The extension "vacation" is specified using the following grammar
extension.

  vacation-command =  "vacation" { vacation-options } <reason: string>
  vacation-options =  [":days" number]
                      [":subject" string]
                      [":from" string]
                      [":addresses" string-list]
                      [":mime"]
                      [":handle" string]
  command          =/ vacation-command


Semantics Of ":mime"

The draft does not specify how strings using MIME entities are used
to compose messages.  As a result, different implementations generate
different mails.  The Exim Sieve implementation splits the reason into
header and body.  It adds the header to the mail header and uses the body
as mail body.  Be aware, that other imlementations compose a multipart
structure with the reason as only part.  Both conform to the specification
(or lack thereof).


Semantics Of Not Using ":mime"

Sieve scripts are written in UTF-8, so is the reason string in this
case.  This implementation adds MIME headers to indicate that.  This
is not required by the vacation draft, which does not specify how
the UTF-8 reason is processed to compose the resulting message.


Default Subject

The draft specifies that the default message subject is "Auto: " plus
the old subject.  Using this subject is dangerous, because many mailing
lists verify addresses by sending a secret key in the subject of a
message, asking to reply to the message for confirmation.  Using the
default vacation subject confirms any subscription request of this kind,
allowing to subscribe a third party to any mailing list, either to annoy
the user or to declare spam as legitimate mail by proving to use opt-in.


Rate Limiting Responses

In absence of a handle, this implementation hashes the reason,
":subject" option, ":mime" option and ":from" option and uses the hex
string representation as filename within the "sieve_vacation_directory"
to store the recipient addresses for this vacation parameter set.

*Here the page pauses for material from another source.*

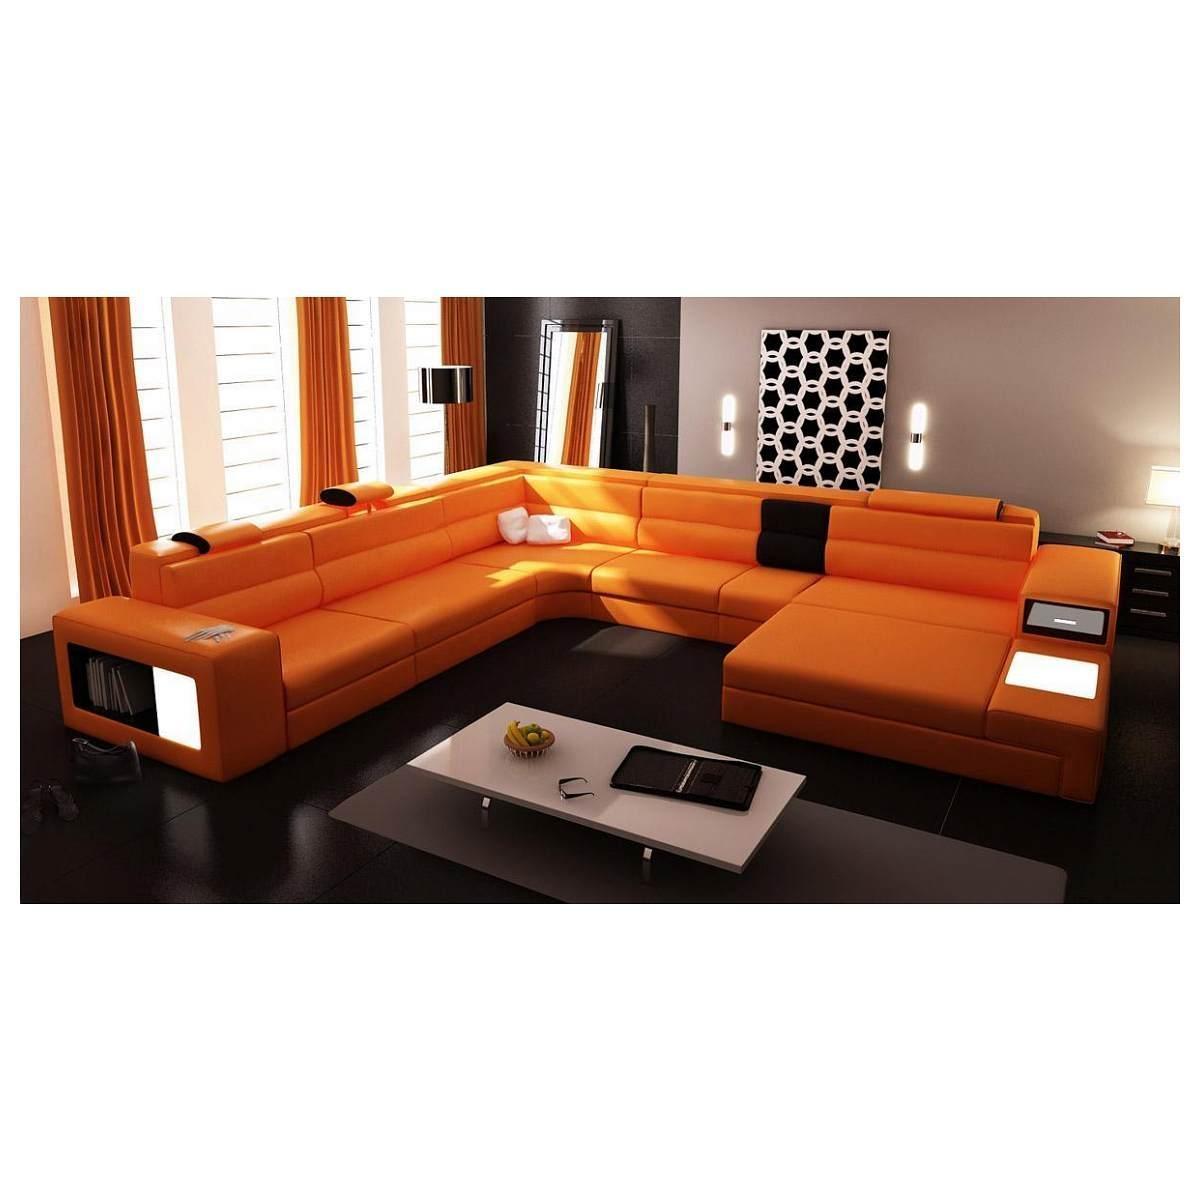 Orange Leather Sofa Nz | Tehranmix Decoration Inside Burnt Orange Leather Sofas (Image 10 of 20)

The draft specifies that sites may define a minimum ":days" value than 1.
This implementation uses 1.  The maximum value MUST greater than 7,
and SHOULD be greater than 30.  This implementation uses a maximum of 31.

Vacation recipient address databases older than 31 days are automatically
removed.  Users do not have to remove them manually when modifying their
scripts.  Don't put anything but vacation databases in that directory
or you risk that it will be removed, too!


Global Reply Address Blacklist

The draft requires that each implementation offers a global black list
of addresses that will never be replied to.  Exim offers this as option
"never_mail" in the autoreply transport.